We were technically in Base housing but not isolated or walled off from the city in general. There were five or six large concrete buildings one behind the next that had six apartments on each side and there were two sides to each building with a floor below for storage and a floor above each side that help maids quarters and a playroom at each end. The top floor and bottom basement that had storage units for extra personal things were the only floors that connected the two sides. Each apartment I believe had three bedrooms and one bathroom. There was no outside play area provided.
Directly across the street were rows of barracks facing us. Single GI’s lived there or those without families or without families along.. They worked odd shifts so they were there infrequently and stayed to themselves.
My little sister loved to dance and thought she was quite good at it. She didn’t even need music. I think she had her own music playing in her head. She was always happy and carefree with more energy all of us combined. Mom had her hands full and was in a chronic state of overwhelm so my sister just ran. She would sneak out and mom could do nothing till I got home from school as she had a newborn to requiring constant care.
I came in from school one afternoon to see mom staring across the street at the barracks across the street. The GI’s were looking up at the top of our building, which was almost a mirror image of theirs. Mom asked me to go upstairs to the 4th floor where the playroom and empty maid’s quarters were located and see if my sister was playing with the neighbor kids up there.

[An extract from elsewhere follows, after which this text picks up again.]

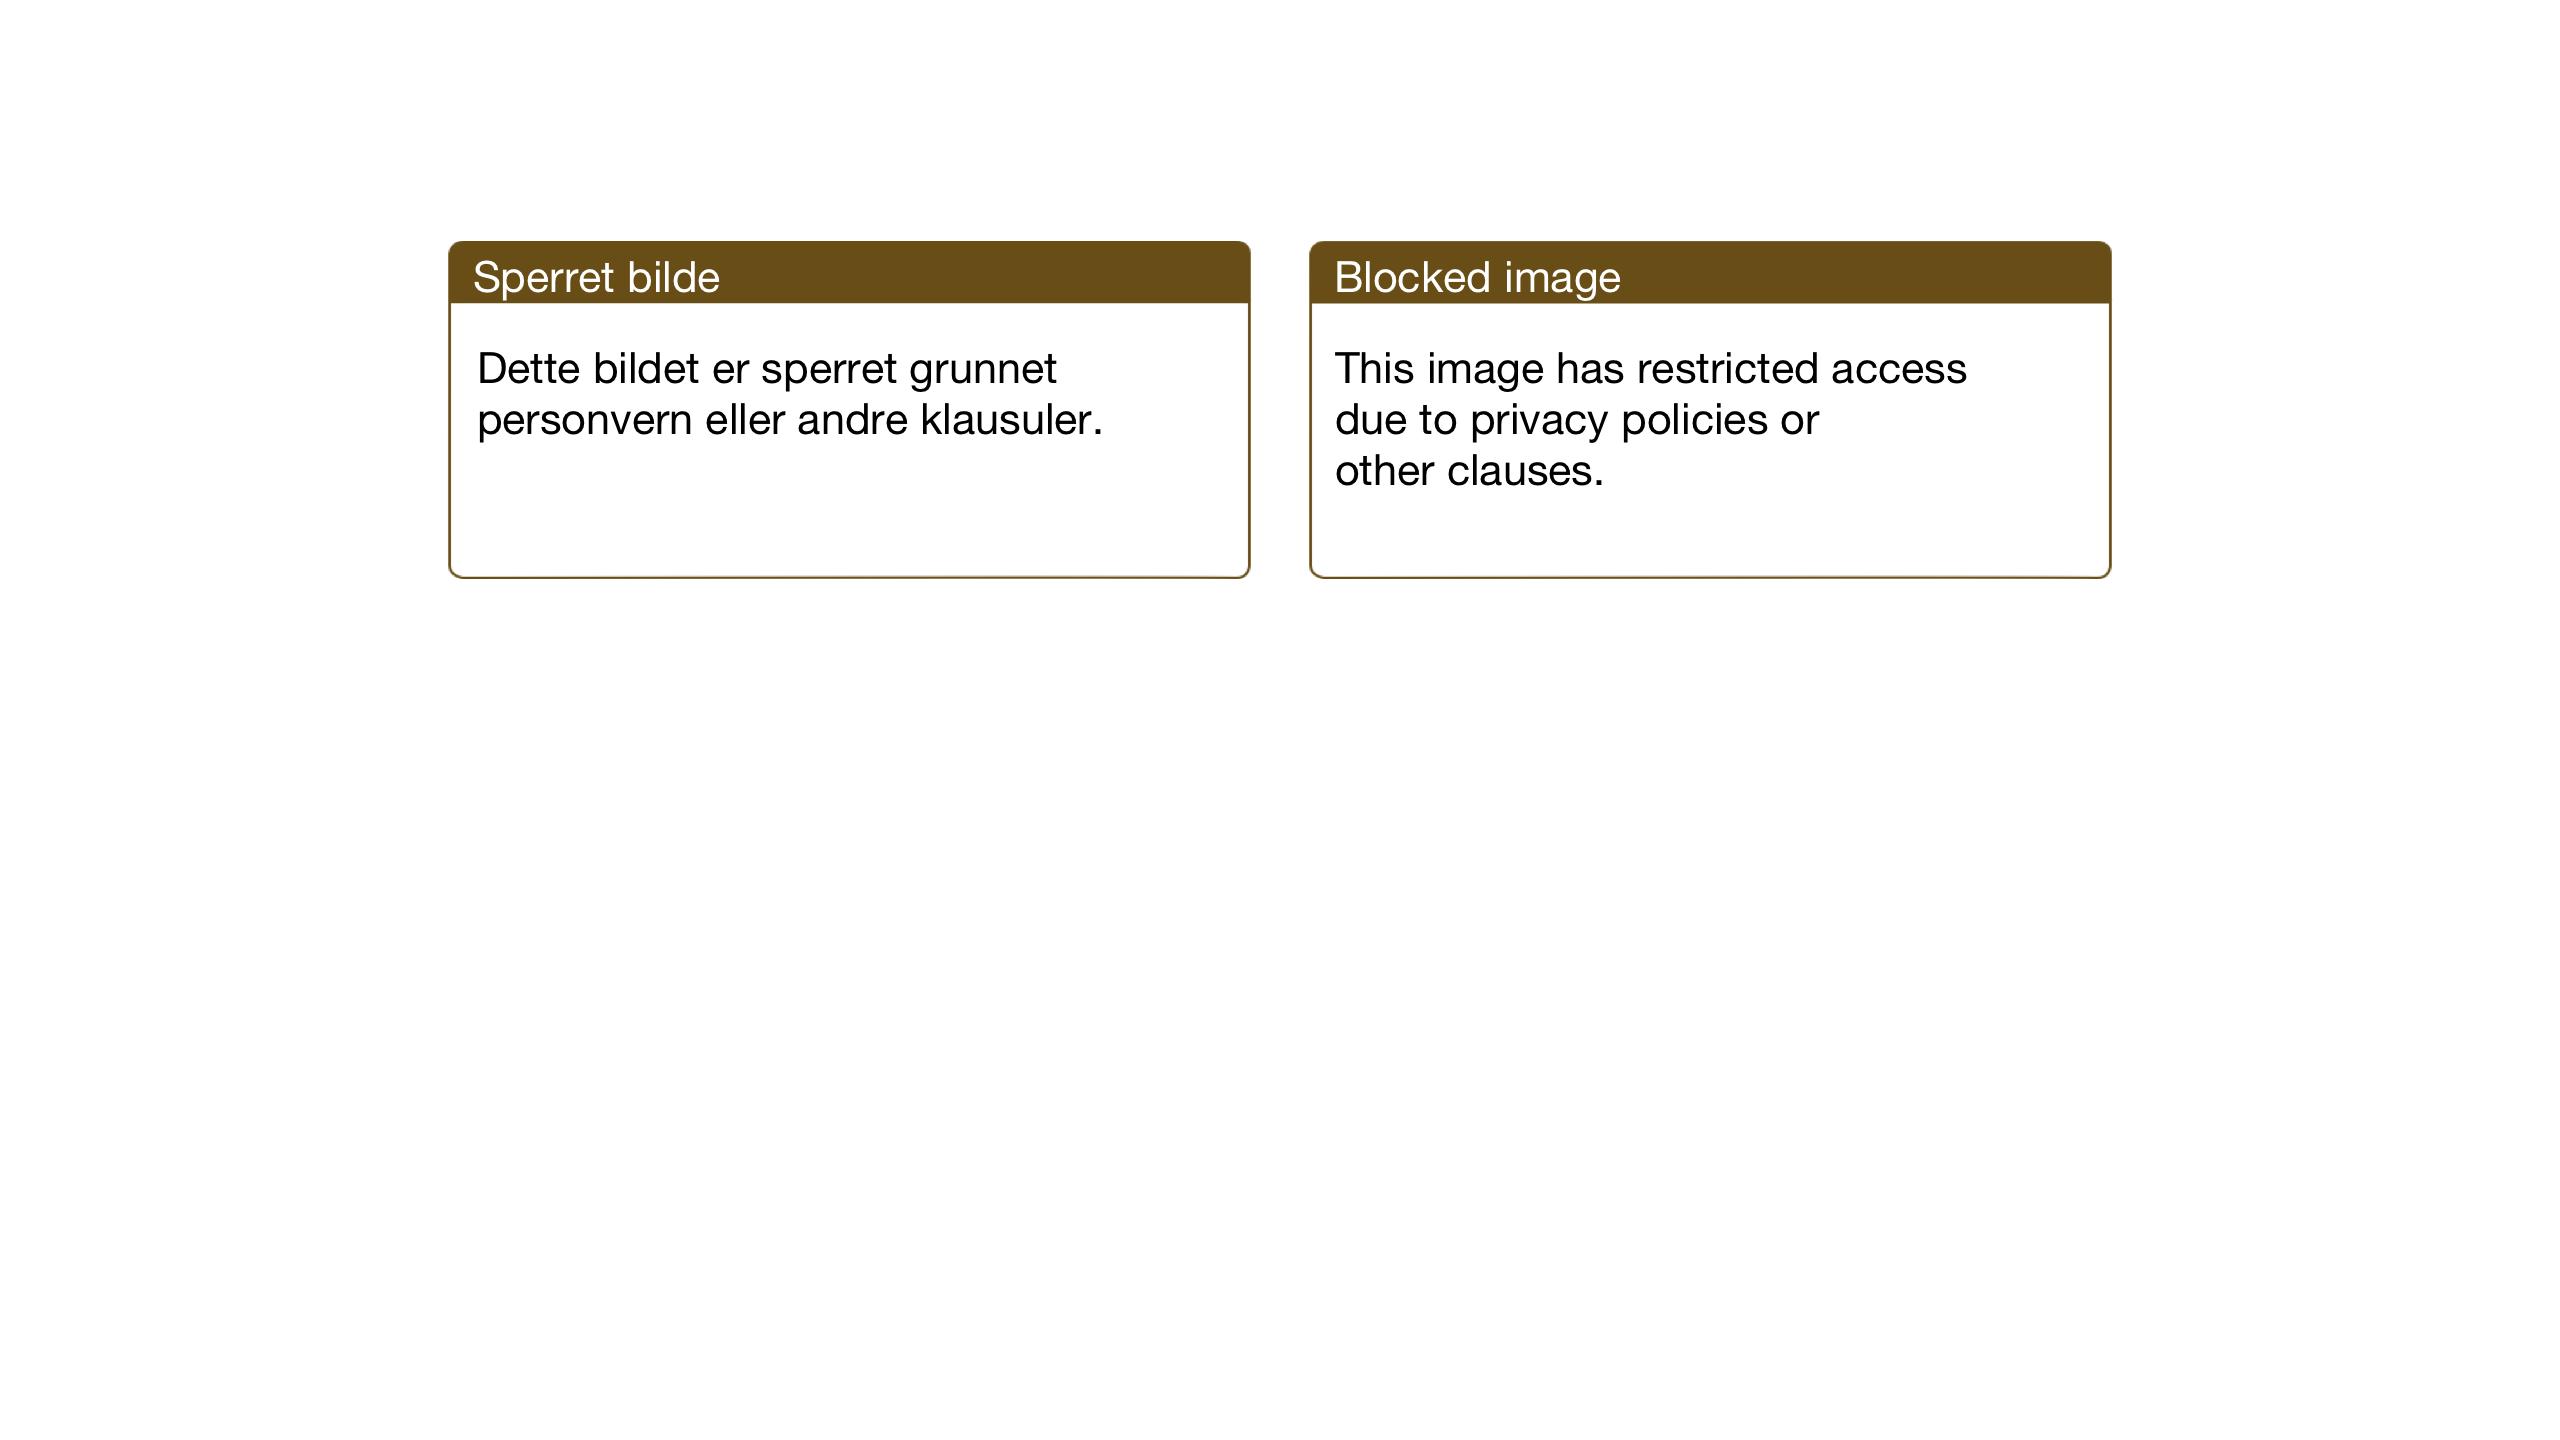 SAT, Ministerialprotokoller, klokkerbøker og fødselsregistre - Nord-Trøndelag, 784/L0678: Ministerialbok nr. 784A13, 1921-1938, s. 84
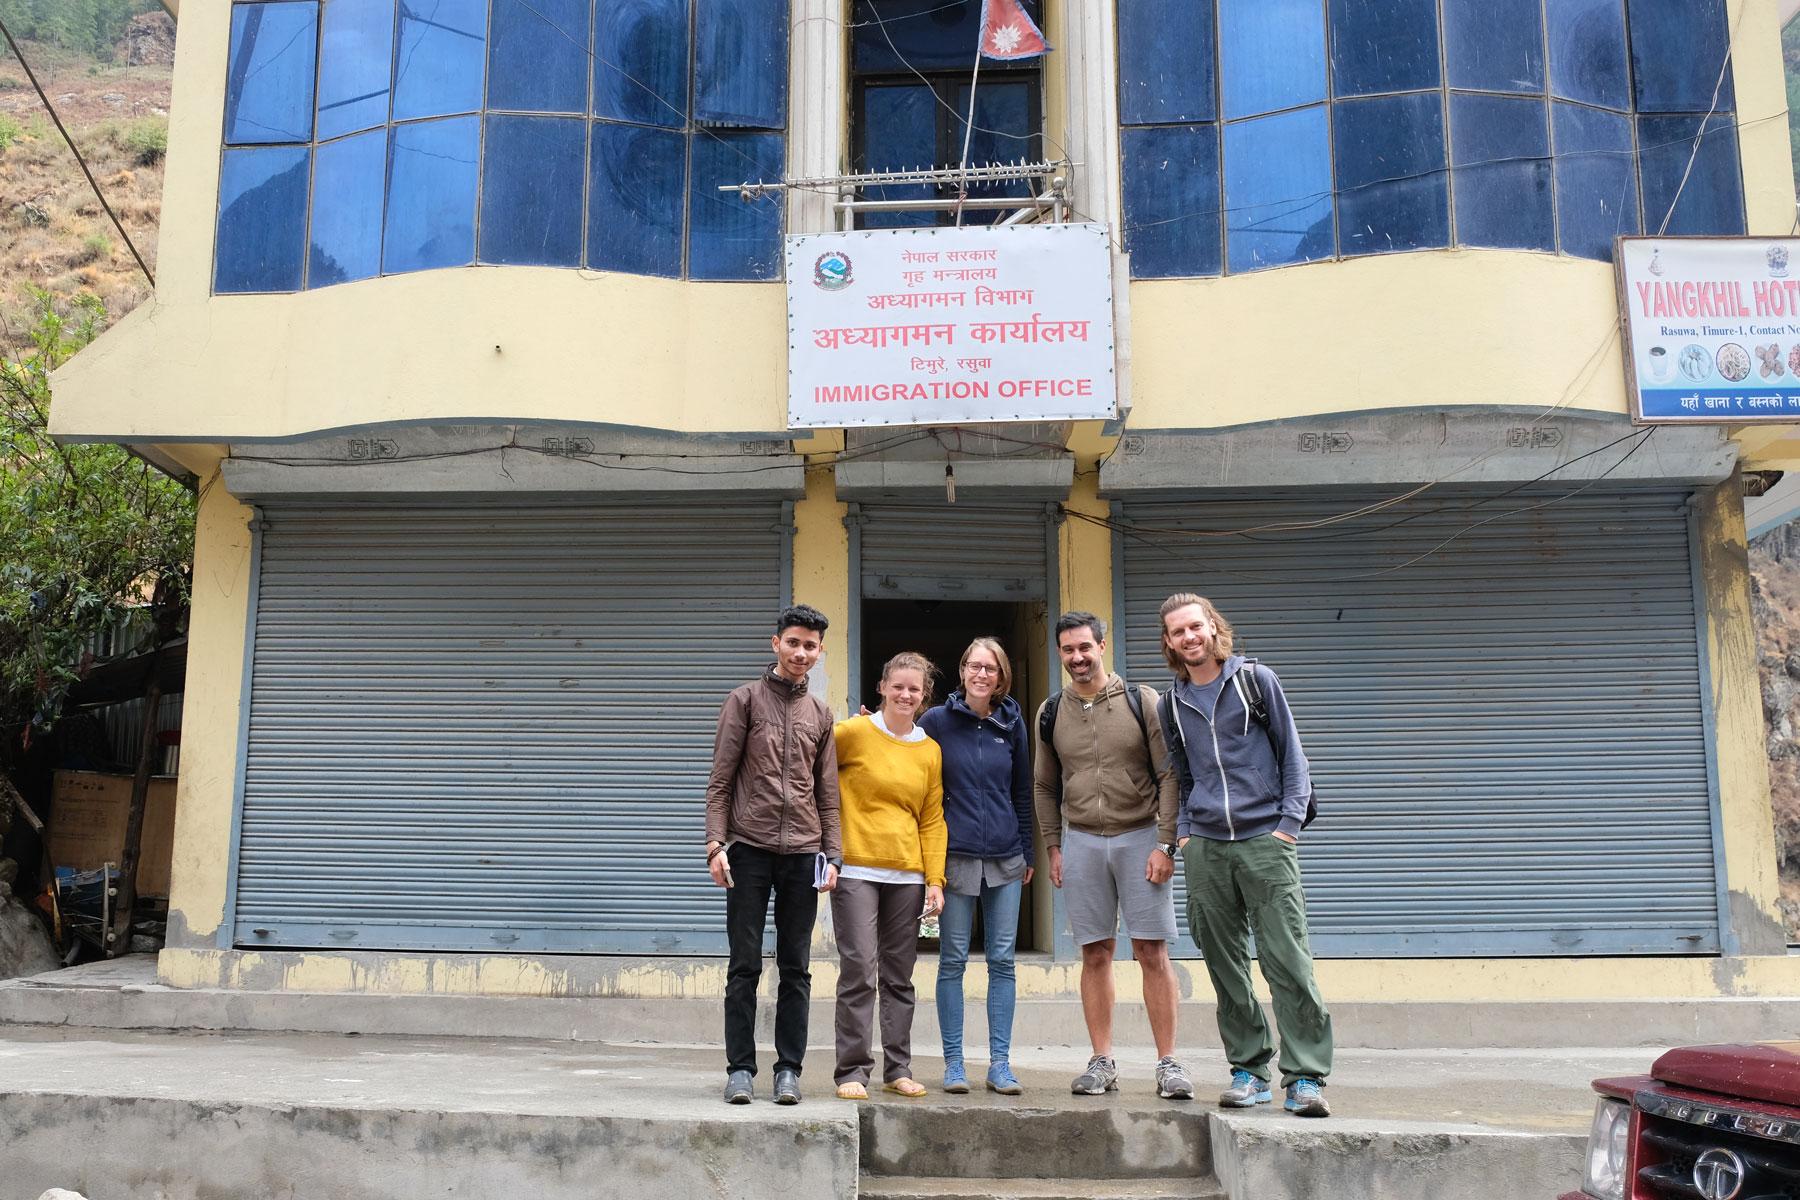 Leo und Sebastian stehen am Ausreisegebäude in Rasuwa Ghadhi in Nepal.

As I walked into the playroom, I saw my sister up on the wide window ledge with the windows open, dancing. She thought she was entertaining the troops and her friends, having the best time ever. She waved at the GI’s as they held their collective breaths. My heart stopped.
I may have only been 7 but I knew an accident waiting to happen when I saw one. Somehow, I managed to calmly talk her down without incident and took her home. As a hyperactive two year old, listening was not what she did well.
I was just grateful that my sister came down when asked. Probably one of the few times in her life she did as she was told. I wish that was the last time she was in that window or that someone had the foresight to put bars on them but I never saw that happen.